As someone who grew up rewinding VHS tapes until the tracking lines looked like ghosts, Dead Format hit me right in the nostalgia cortex. It’s a game that doesn’t just reference horror history, it drags you bodily through it, kicking and screaming, one cursed tape at a time. And honestly? I loved almost every minute of it. Dead Format feels like it was engineered in a lab specifically to target my weaknesses. Analog horror? Check. VHS grime? Check. A stalker enemy that makes me freeze like a deer in CRT headlights? Absolutely. This is a game that understands the tactile, uncomfortable charm of retro horror and builds an entire world around it, sometimes brilliantly, sometimes frustratingly, but always with style.


The story begins in a rundown Scottish apartment block in the late ’90s, where you break into your missing brother’s flat. He’s been spiralling into obsession over a strange, off‑brand video format called GHL, a kind of cursed VHS that seems to warp reality. His notes are frantic, his tapes are scattered everywhere, and the apartment feels like it’s been lived in by someone who hasn’t slept in weeks.

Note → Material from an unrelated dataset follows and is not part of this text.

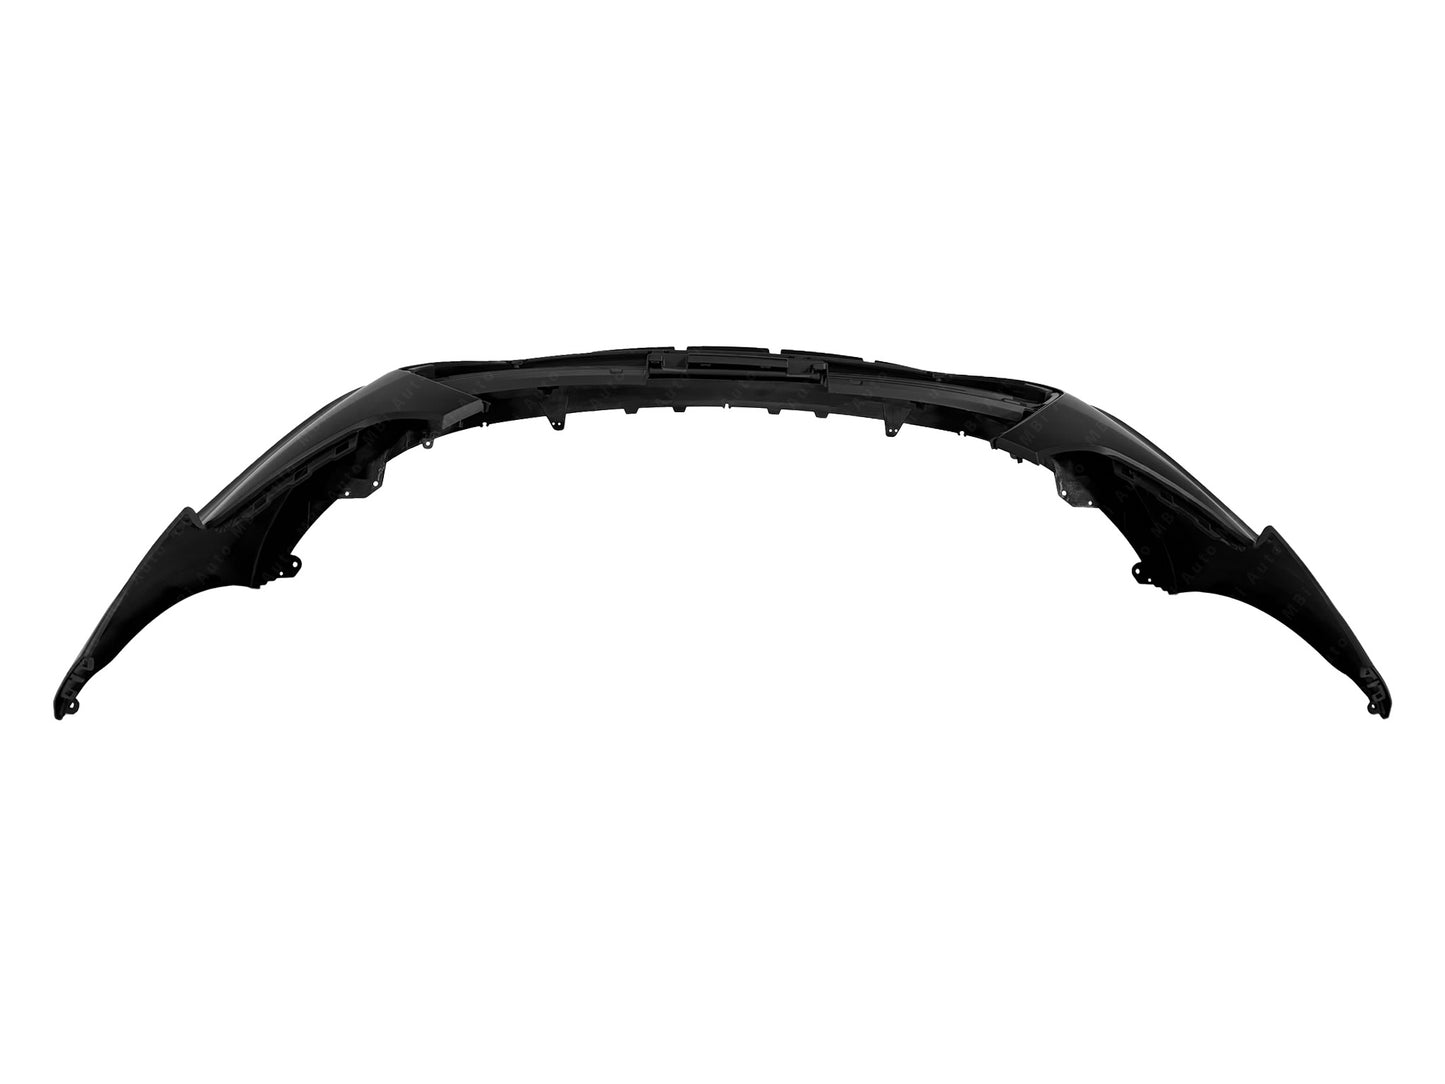 Hyundai Veloster 2013 - 2017 Front Bumper Cover 13 - 17 HY1000194

Slotting one of these tapes into the VCR doesn’t just play a video, it transports you into the world recorded on it. Each tape is a self‑contained nightmare inspired by a different era of horror cinema. One moment you’re wandering through stark, monochrome corridors straight out of silent‑era expressionism; the next you’re knee‑deep in neon giallo lighting or trudging through fleshy, pulsating body‑horror landscapes.

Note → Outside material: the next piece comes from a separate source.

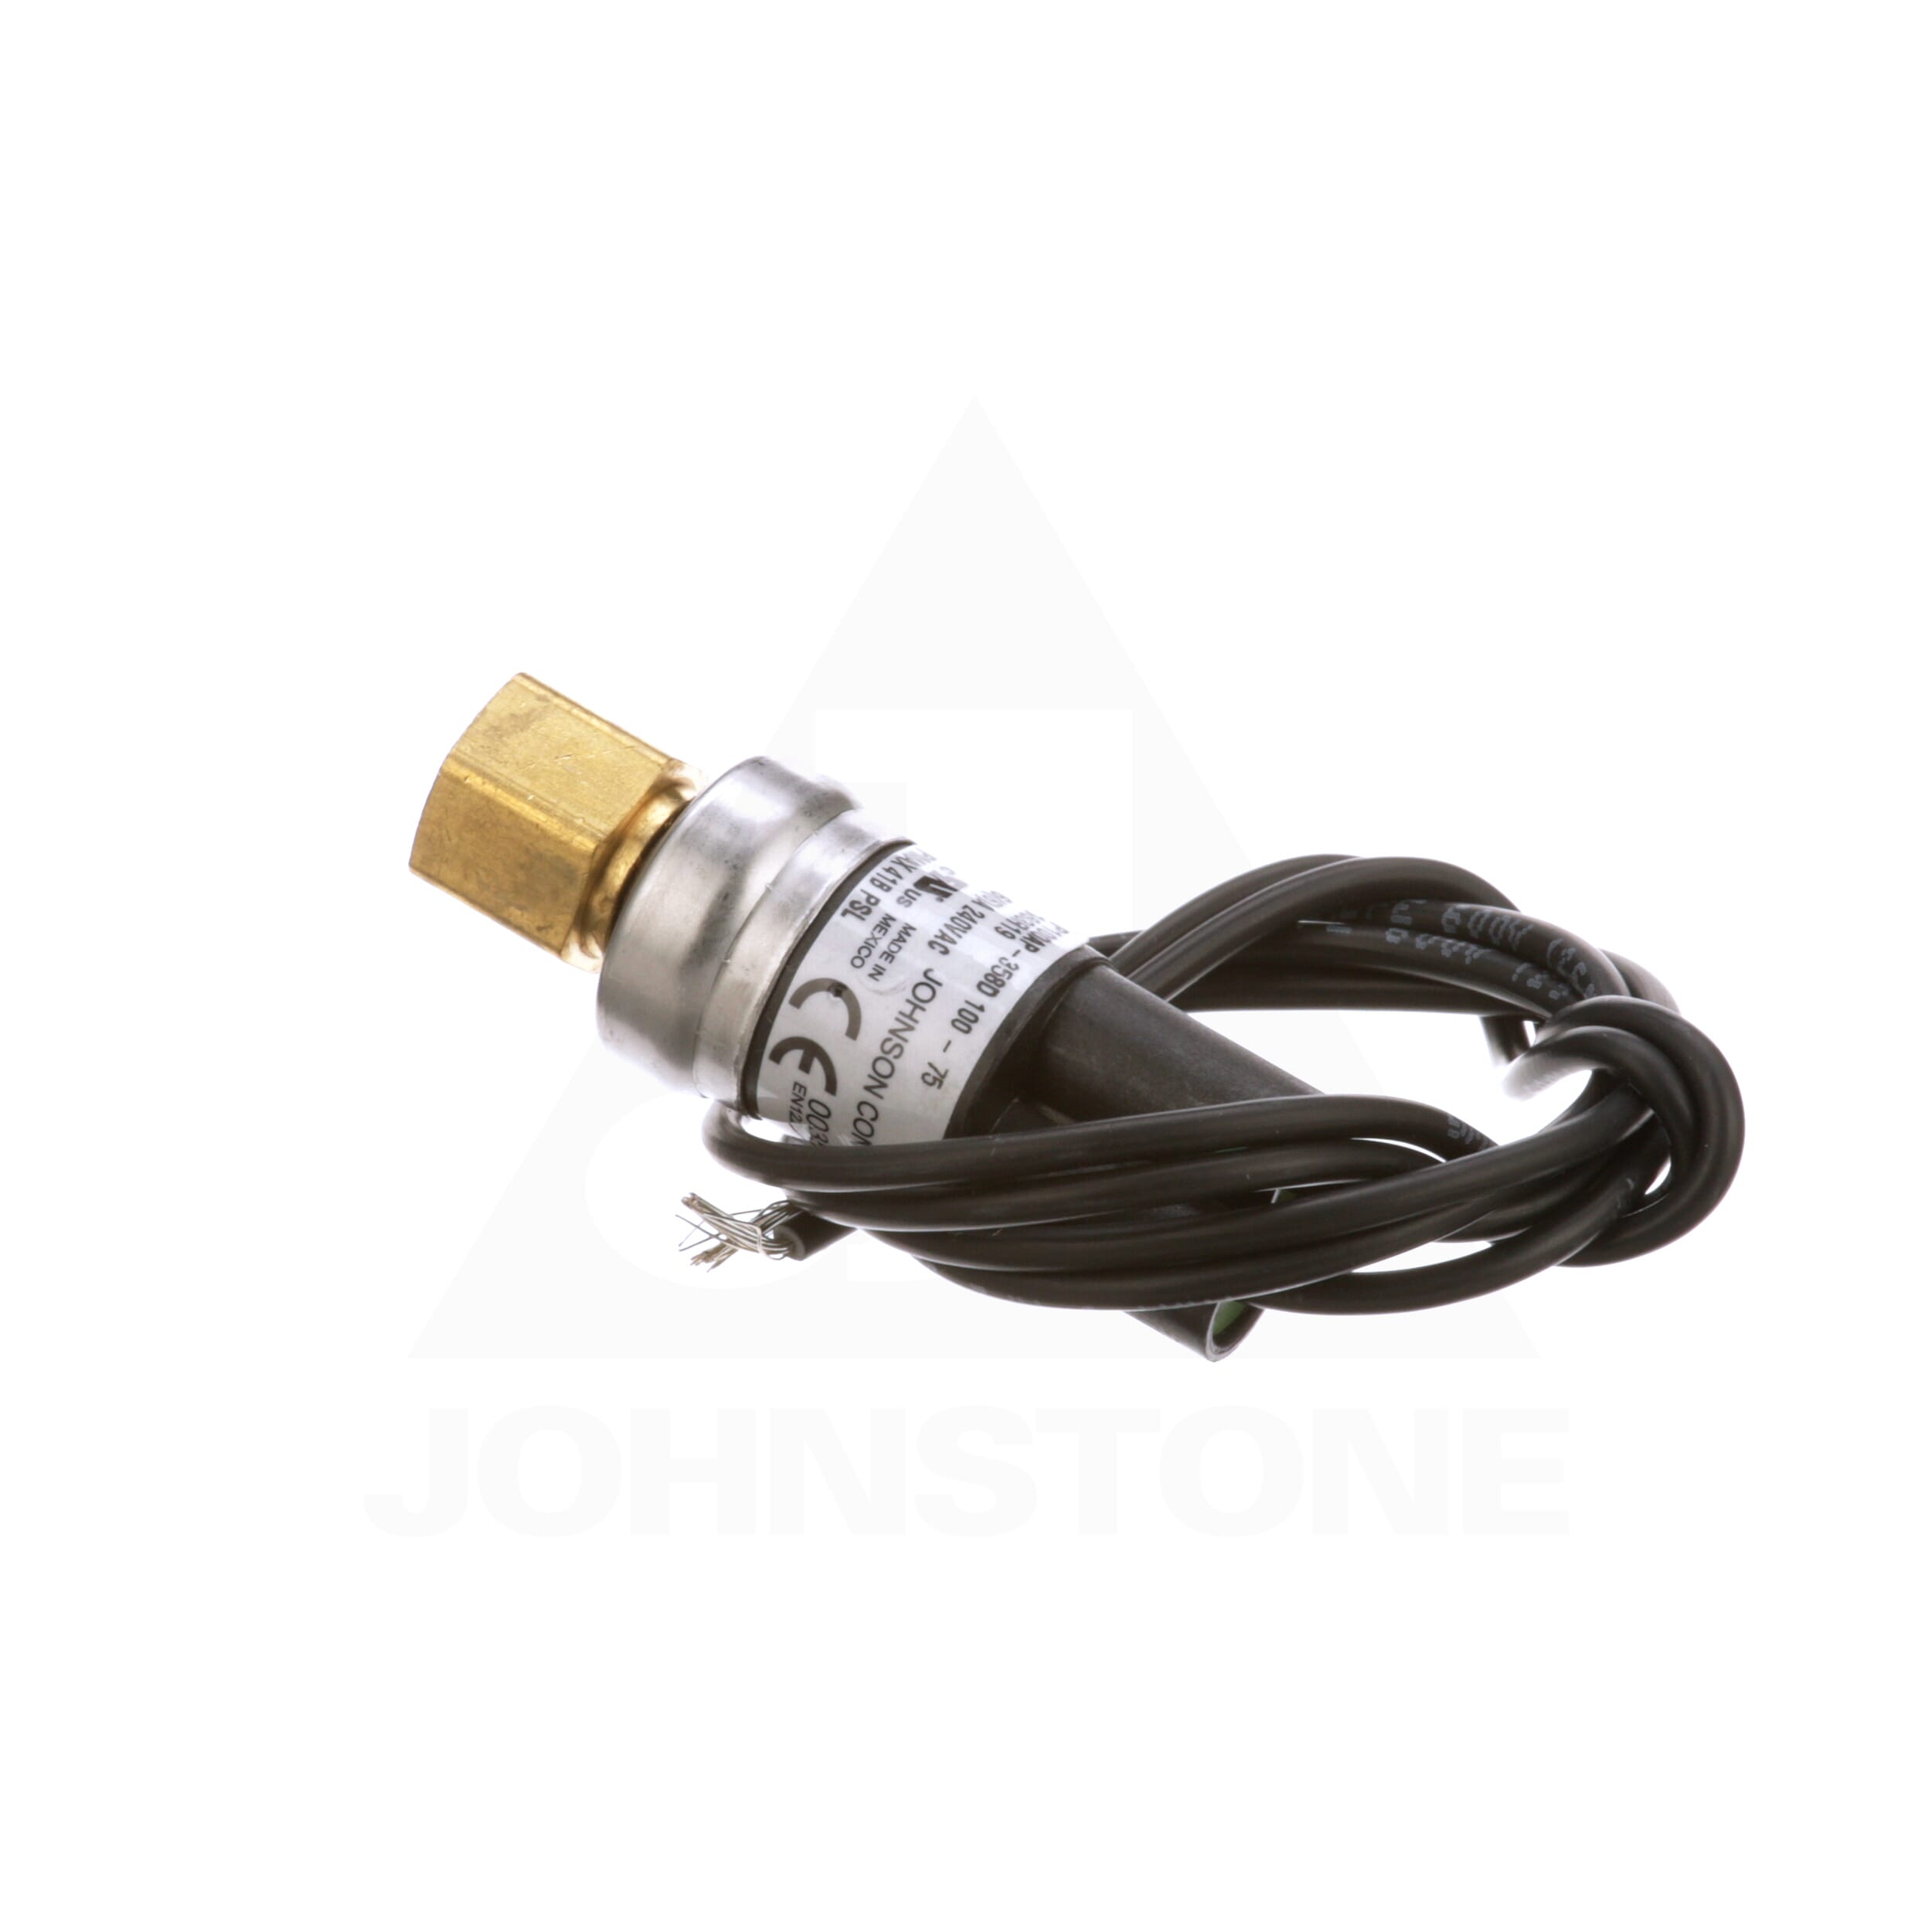 Open 600 reset 475 Details about   Johnson Controls 600/475 High Pressure Switch B18-810 New

As you explore these worlds, you slowly piece together what happened to your brother. His messages become more fragmented, his handwriting more erratic, and his experiments more dangerous. The deeper you go, the more the apartment hub itself begins to change, subtle at first, then unmistakably corrupted. It’s a clever way of showing the story bleeding into reality, and it kept me hooked.

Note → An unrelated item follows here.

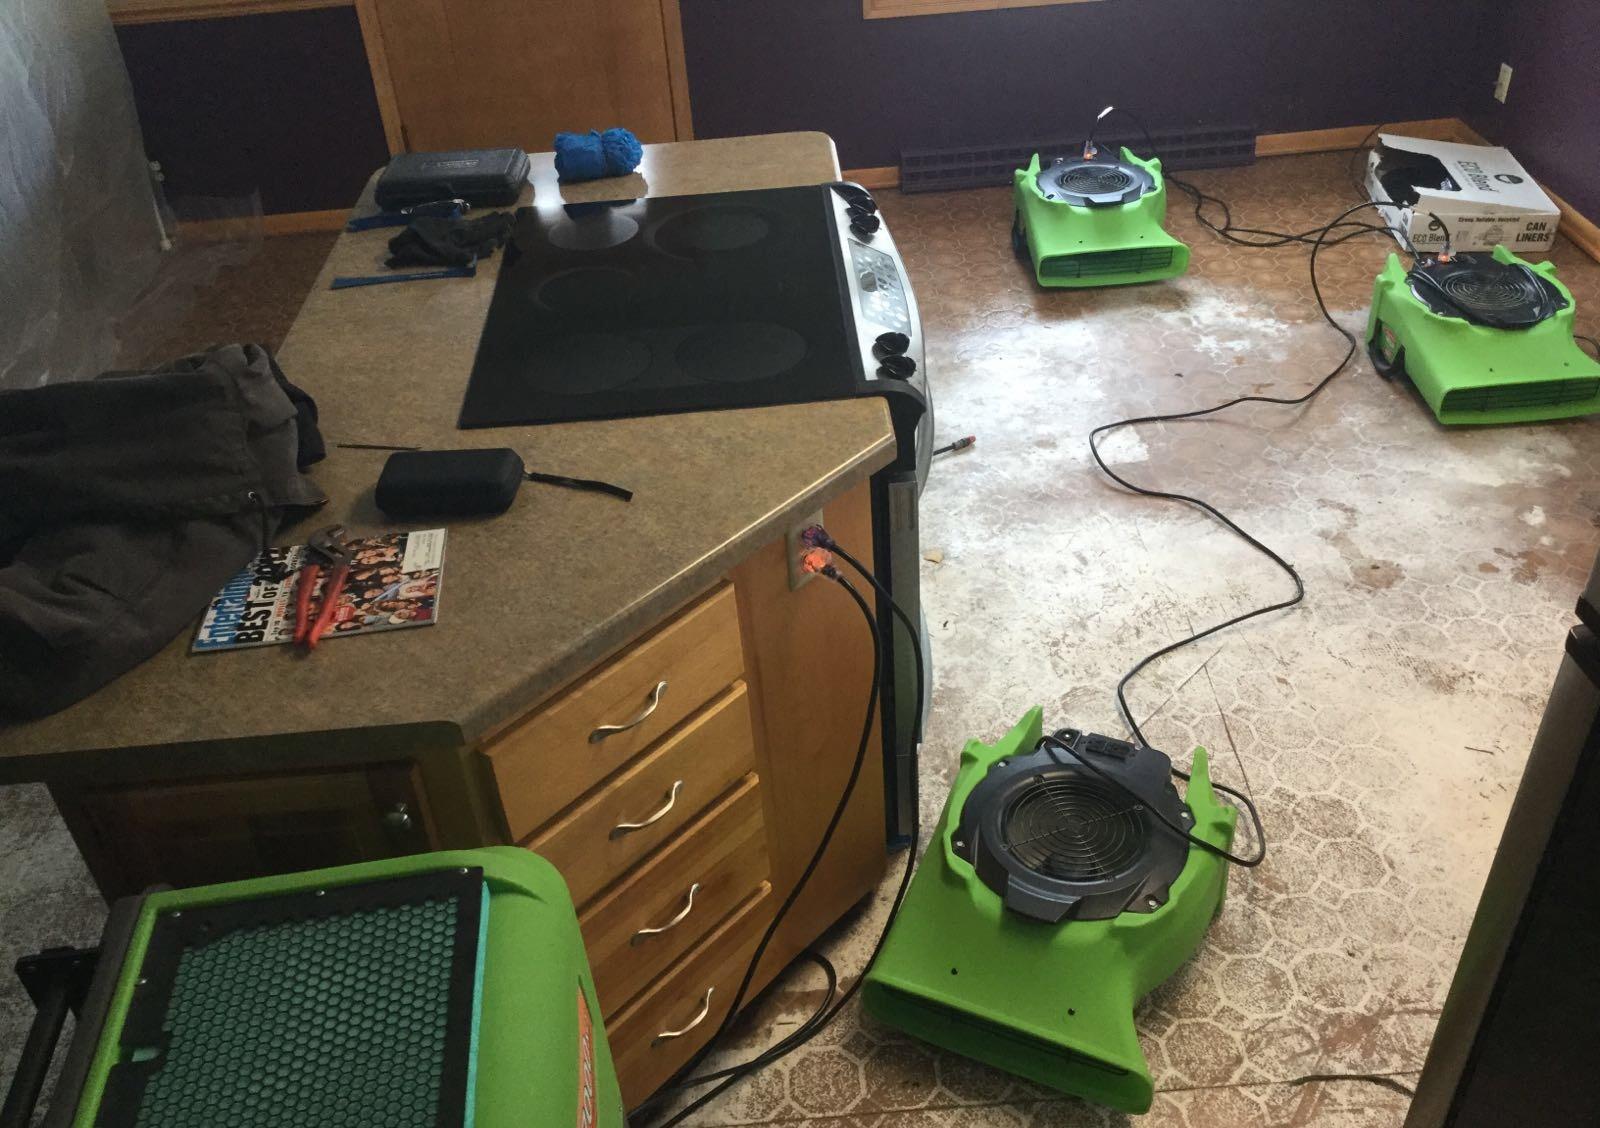 Got the SERVPRO air movers up and running!

Dead Format plays like a love letter to classic survival horror. You juggle a tiny inventory, solve puzzles that span multiple worlds, and backtrack through interconnected environments that slowly open up as you unlock shortcuts. What I loved most is how items found in one tape often solve puzzles in another, it makes the whole game feel like a single, tangled ecosystem rather than isolated levels.


The stalker enemy, the Vulture, is the game’s biggest wildcard. She hunts by sound, crawls out of screens, and forces you to move slowly, deliberately, and often in total silence. When she works, she’s terrifying and a genuine threat that turns even simple rooms into panic chambers. But she can also be a bit much, especially later on, where her frequency starts to feel more exhausting than suspenseful.

Combat exists, but it’s not the star. Weapons are thematically brilliant (the flesh pistol is disgusting in the best way), but aiming is stiff and movement is slow. It’s functional, but it’s clear the game wants you to avoid fights rather than win them.


Each tape world has its own visual identity and this is where Dead Format absolutely shines. From grainy monochrome to lurid neon to wet, glistening body horror. The filters, lighting, and textures feel handcrafted, not just slapped on. The live‑action footage that introduces each tape is a perfect touch, campy, eerie, and authentically analogue.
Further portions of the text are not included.